Off the pitch, and following the retirement of Jill Scott, Bright has assumed the role of the loudest presence in the dressing room alongside striker Rachel Daly. Bright carries a humble charisma. Her left forearm arm is covered with tattoos: with an owl to remind her of home and the stables, the eye of a tiger to resemble inner strength, and a dreamcatcher all prominent. On it, Bright is used to being part of winning teams and she has helped high standards at both club and country.

Bright and Williamson in the moment the Lionesses won the Euros (Getty Images)

“She’s a natural leader,” says Bright’s Chelsea and England team-mate Niamh Charles. “She’ll drive the team on, for sure. For every leader, the best thing is for them to be themselves. Millie does a little less talking [than Williamson], but does her talking with her actions. They are both very good in their own way, when they have to speak they know exactly what to say to the players. Also the way they are on the pitch, they both lead by example.”

If the hot topic coming into the first 32-team World Cup is injuries and player burnout, Bright stands as an example. The 29-year-old will head into the tournament having not played a competitive match since March, when she suffered a knee injury playing for Chelsea in the Champions League that required surgery. She expects to be fit for England’s opener against Haiti on July 22 and believes the time away from the pitch could be a “blessing in disguise”.

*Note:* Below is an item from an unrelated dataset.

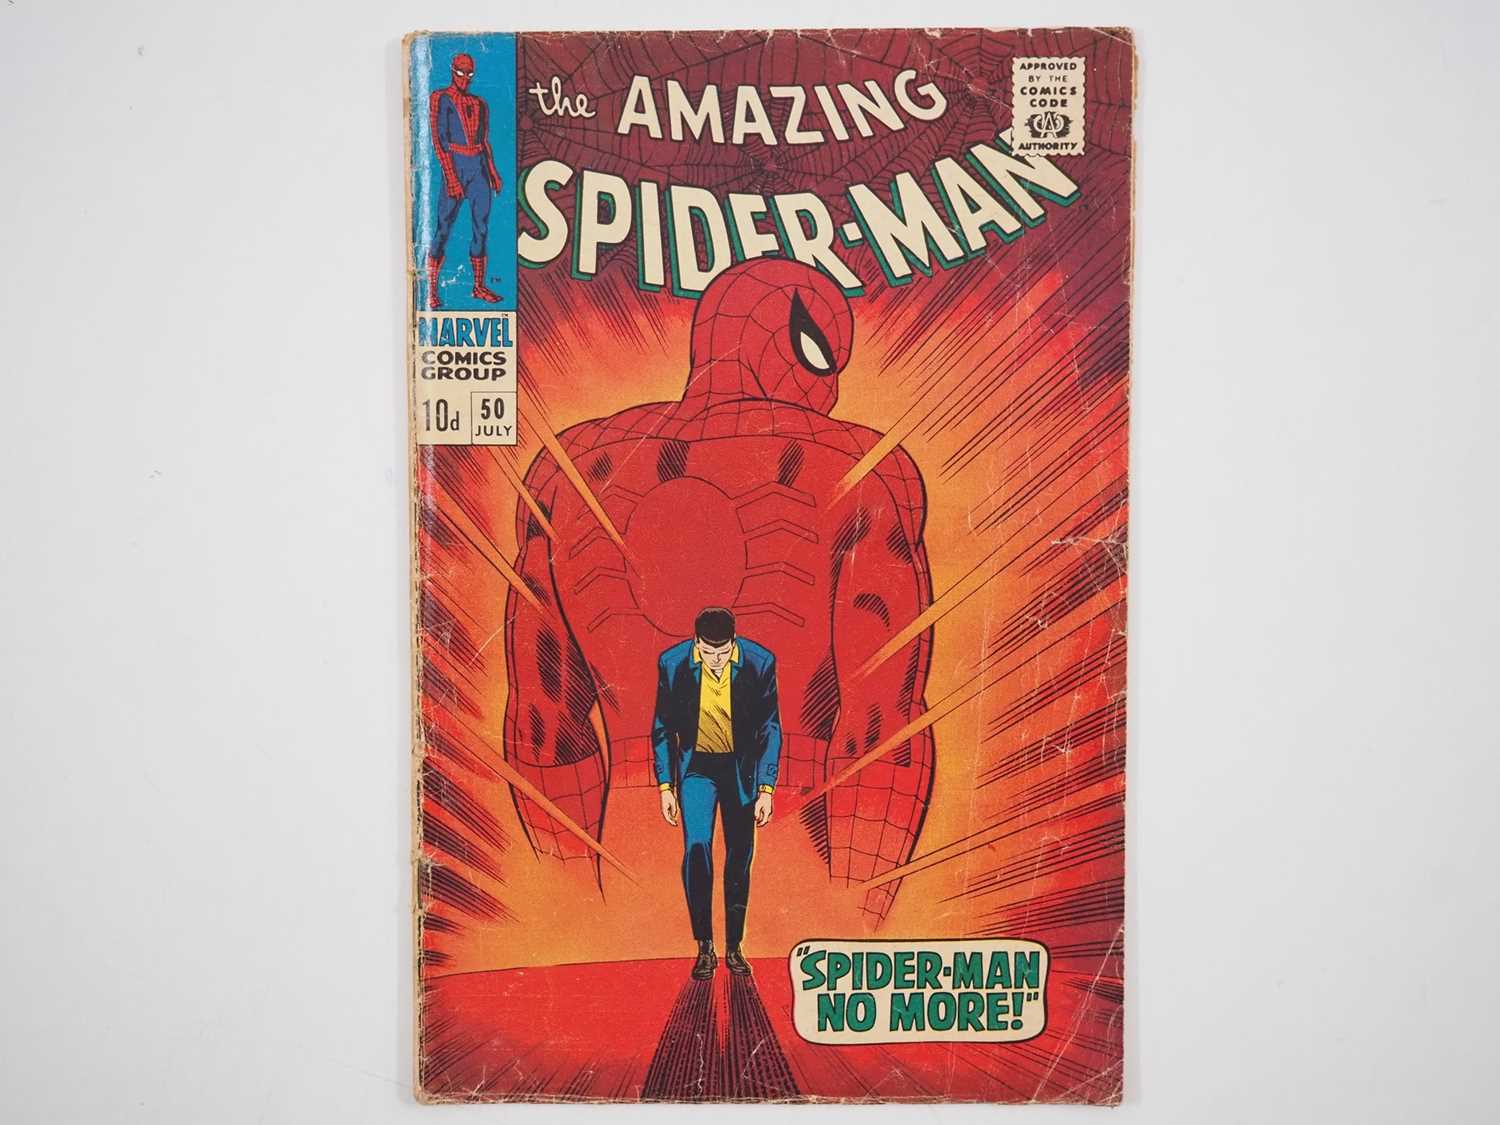 AMAZING SPIDER-MAN #50 & 51 (2 in Lot) - (1967 - MARVEL - UK Price Variant) - RED HOT KEY Book & - Image 3 of 22

“I think the amount of minutes I’ve played leading up to this has been ridiculous, through the roof,” Bright says. “If anything I feel mentally and physically fresher than I’ve ever felt.”

(The FA via Getty Images)

But Bright is also aware of the role she will have in using her position to speak out about the controversial issue of scheduling in women’s football. Her World Cup dream could have been over too, had she been as unlucky as Williamson. “There is still work to be done,” she says. “Making sure we can compete in every competition and do back-to-back tournaments, but we are not robots, we need time to recover. It doesn’t matter what club you play for or country you represent, we care for the game and the next generation coming through.”

“The main thing is being our voice,” says Jess Carter, another of Bright’s Chelsea and England team-mates. “She’s someone who can be that bridge between staff, media, players.” But for the Lionesses, leadership won’t be down to just one person – that wasn’t the case with Williamson at the Euros last summer, either. “It’s a collective, it’s not just about Millie doing everything for us,” Carter adds. The culture Sarina Wiegman has created is why Bright is viewed as a natural leader who can step into Williamson’s shoes. “There’s not much she has to change,” Charles agrees.

Still, Bright’s world is about to change, following Williamson and England greats Steph Houghton, Casey Stoney and Faye White in leading the Lionesses at a major tournament, but with the difference that this is going to be the biggest Women’s World Cup yet. It could finish with Bright becoming the only England captain other than Sir Bobby Moore to lift the World Cup. “There was always going to be extra pressure after the Euros,” Bright says. “The quality has gone up, the expectation goes up. We now the challenge ahead will be bigger than any other tournament.” At least the Lionesses have a leader who can keep their feet on the ground.